Just as we were about to admit natural anchoring defeat, Alan found a rock jammed solidly at the back of a small alcove. We both checked it carefully and declared it good enough. Forward movement was on again. We rigged this fairly quickly and moved out to the end of the ledge to decide on bolt placement. This was fairly quickly achieved and I put in one bolt. Alan occupied himself doing some gardening whilst the bolt was going in. He cleared the worst of the loose stuff but it was still a ledge to be treated with rock kicking respect.
The rebelay bolt went in fairly quickly after and then I was FINALLY away on the big pitch. We weren’t sure if we had much spare rope so I put in a really tight (Jeff Butt patented) loop, or lack there of. At the bottom I found we had a few metres to spare so Alan re-jiggered the rebelay on his way down.
The others started down to the pitch head whilst Alan and I moved on down the cave. They caught up to us looking for the crack we were supposed to rig the 3m pitch from. After finally finding it, it was declared not the right size for the nuts we had, and a bit dodgy anyway, so we put a bolt in above the drop.
On down to the next pitch, which has a corroded old spit that is only part way into the rock. This is totally unnecessary as there are 3 good naturals in very convenient spots.
Luckily the 8m climb proved to be very easy so we were all able to get to the chamber at the bottom where the stream comes in. We headed downstream first with all of us going almost to the end of navigable passage, and Alan and Serena going just those few metres more into the grovel than Geoff and I.

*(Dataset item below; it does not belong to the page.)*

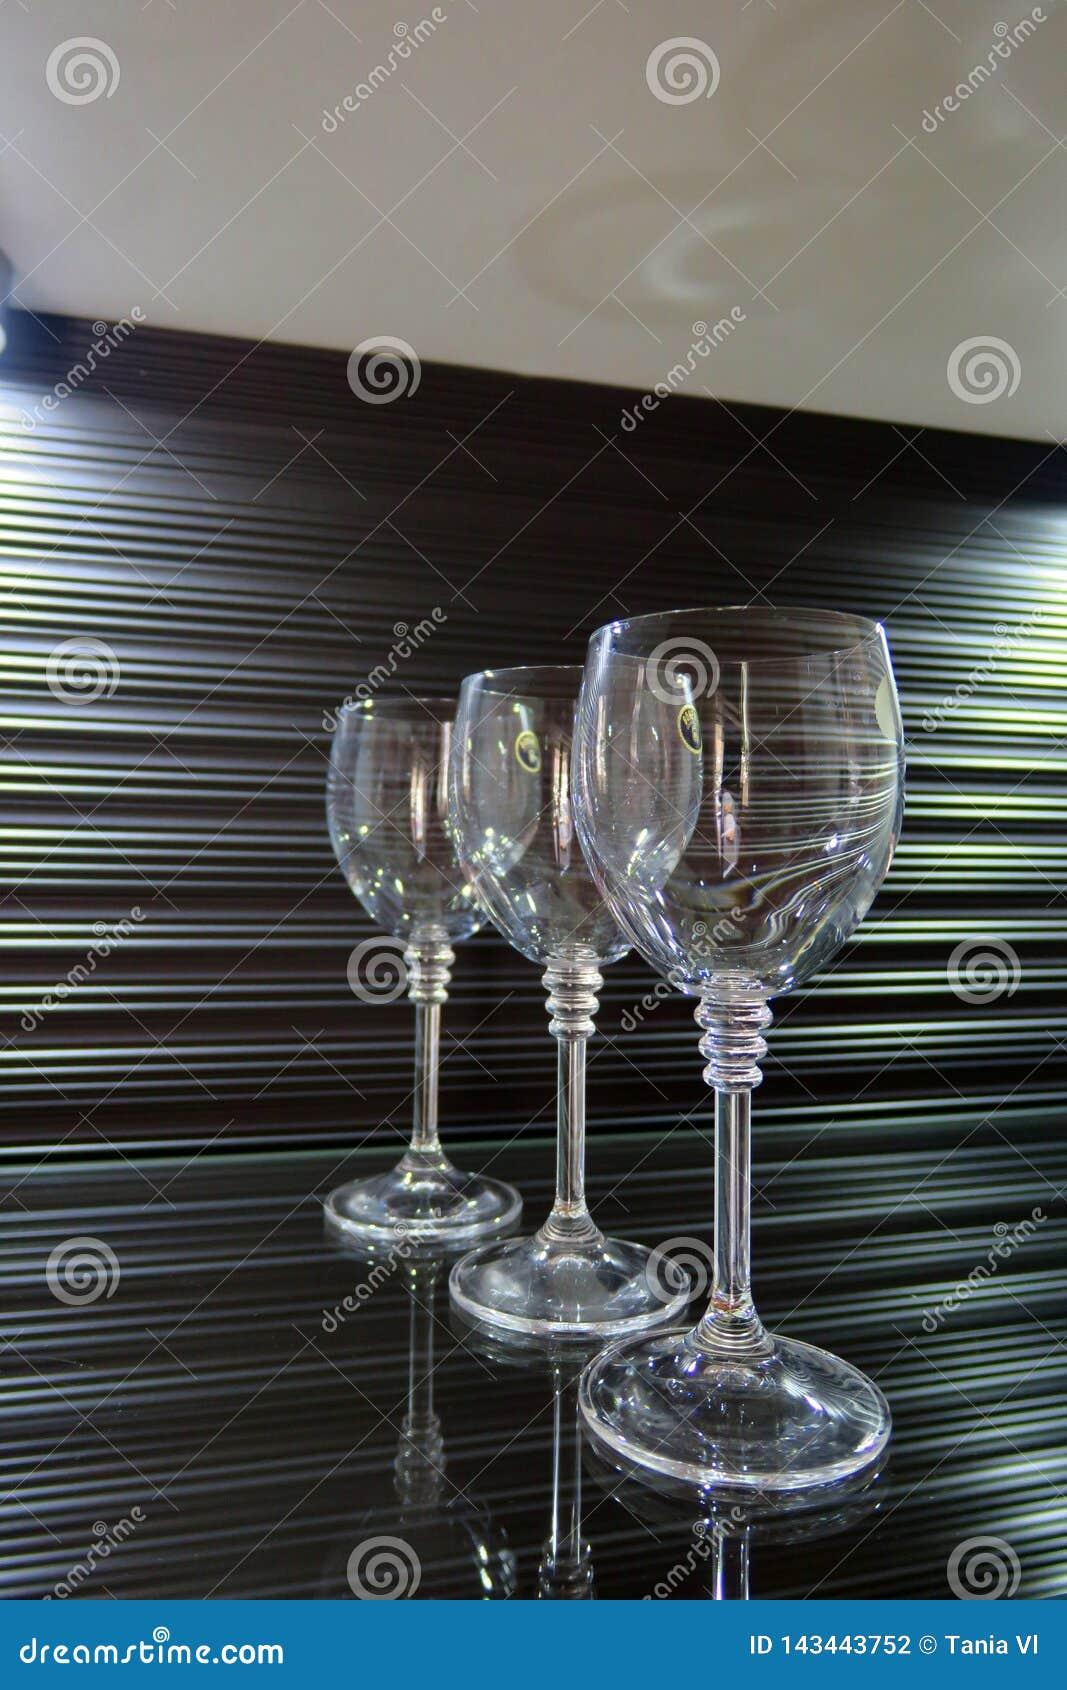 Drie hoge transparante glazen op een mooie bruine achtergrond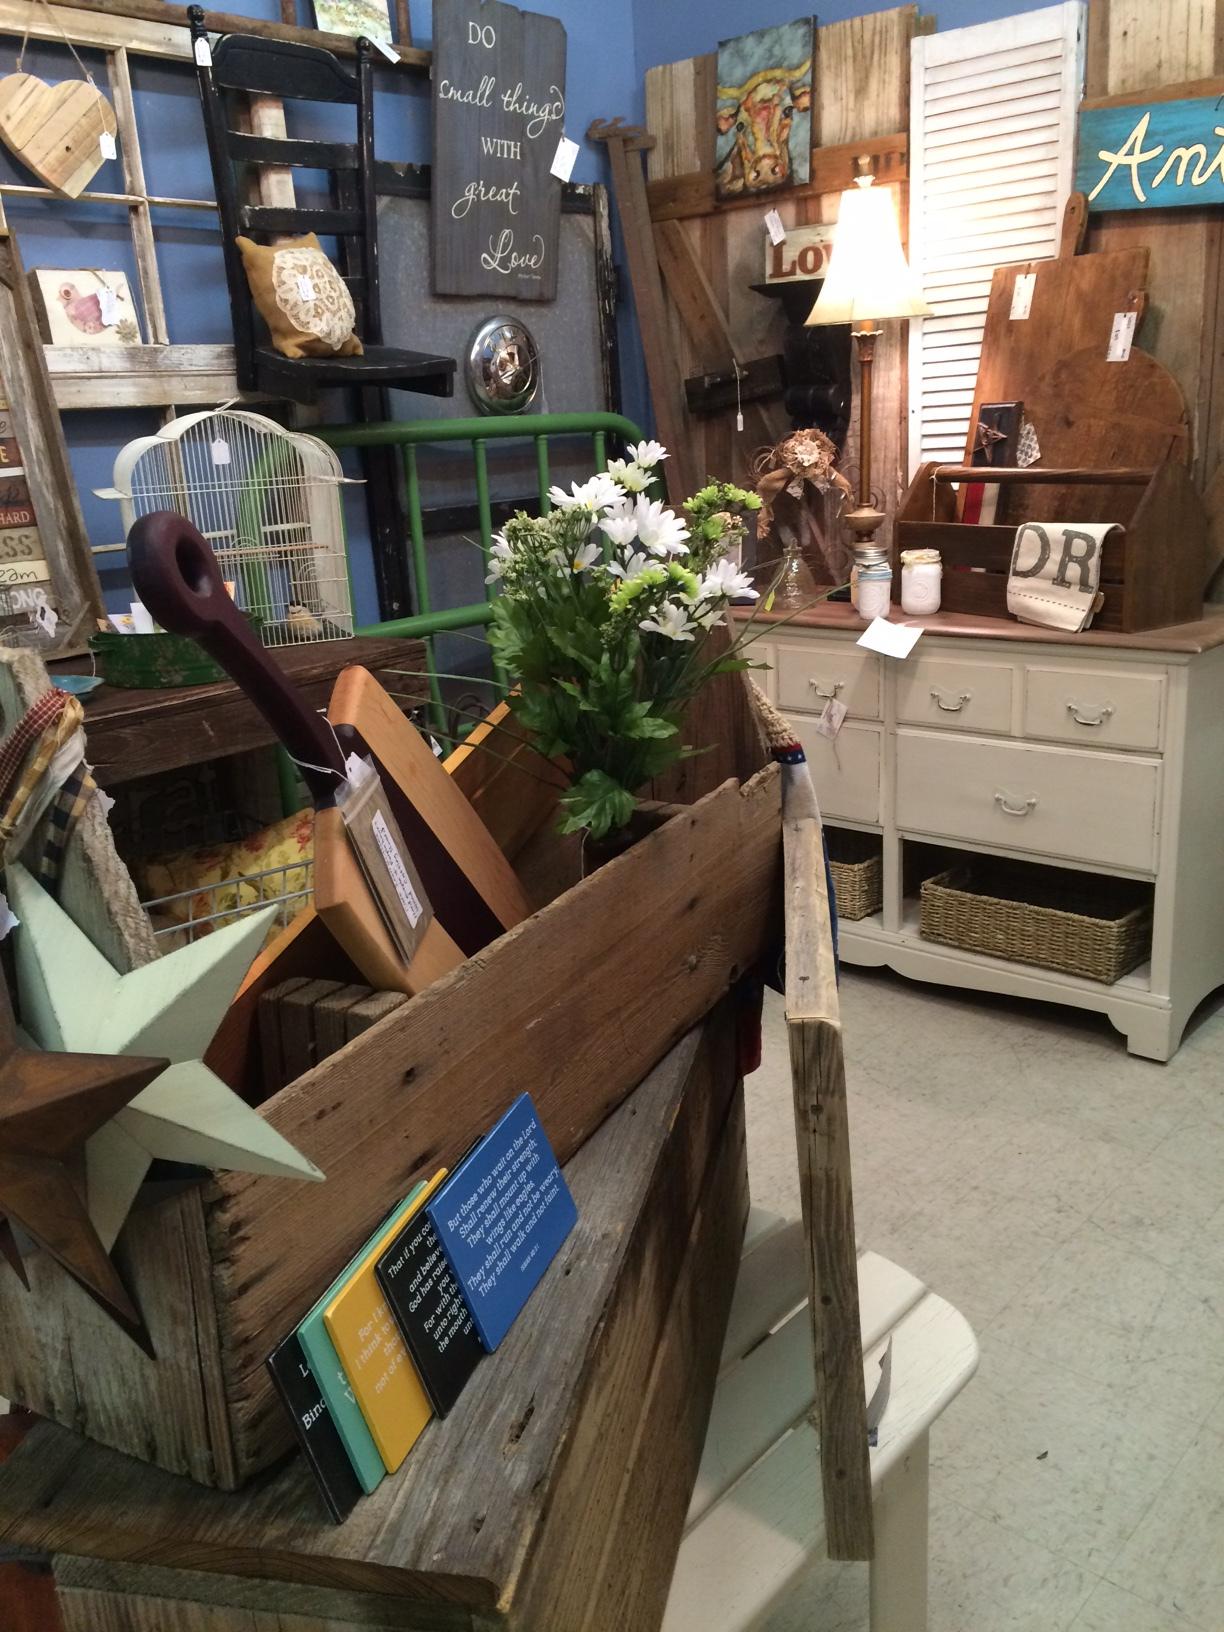 Antique toolbox

Then we went upstream to the end of the easy going stuff. No point crawling in water when the Eberhardt’s and Jeff Butt have been there before.
The trip out went easily. Alan and I had decided that a second bolt on the pitch head of the 68m pitch was a better idea than the single one we had put in, and so he re-rigged the pitch at the rebelay, to give us the extra rope at the top. We had seen that we had enough. Just.
Alan waited there for me, as Geoff and Serena went out and then we decided where to put the second bolt. As usual, the best place was out of my reach for manipulating a drill, and so Alan put in this bolt. We re-rigged the pitch head so that tomorrow’s group would have the mental reassurance of two bolts at the primary anchor.
I headed up last and was out at 7.30pm after a very enjoyable but inefficiently slow trip.
Amy was cooking dinner for us, which was a wonderful treat. All I had to do was get changed, get a glass of Port from Tony (who had carried in a small cask!) and start eating the pre-dinner nibblies people had supplied, whilst I waited for my Tuna and lentil dinner to be ready.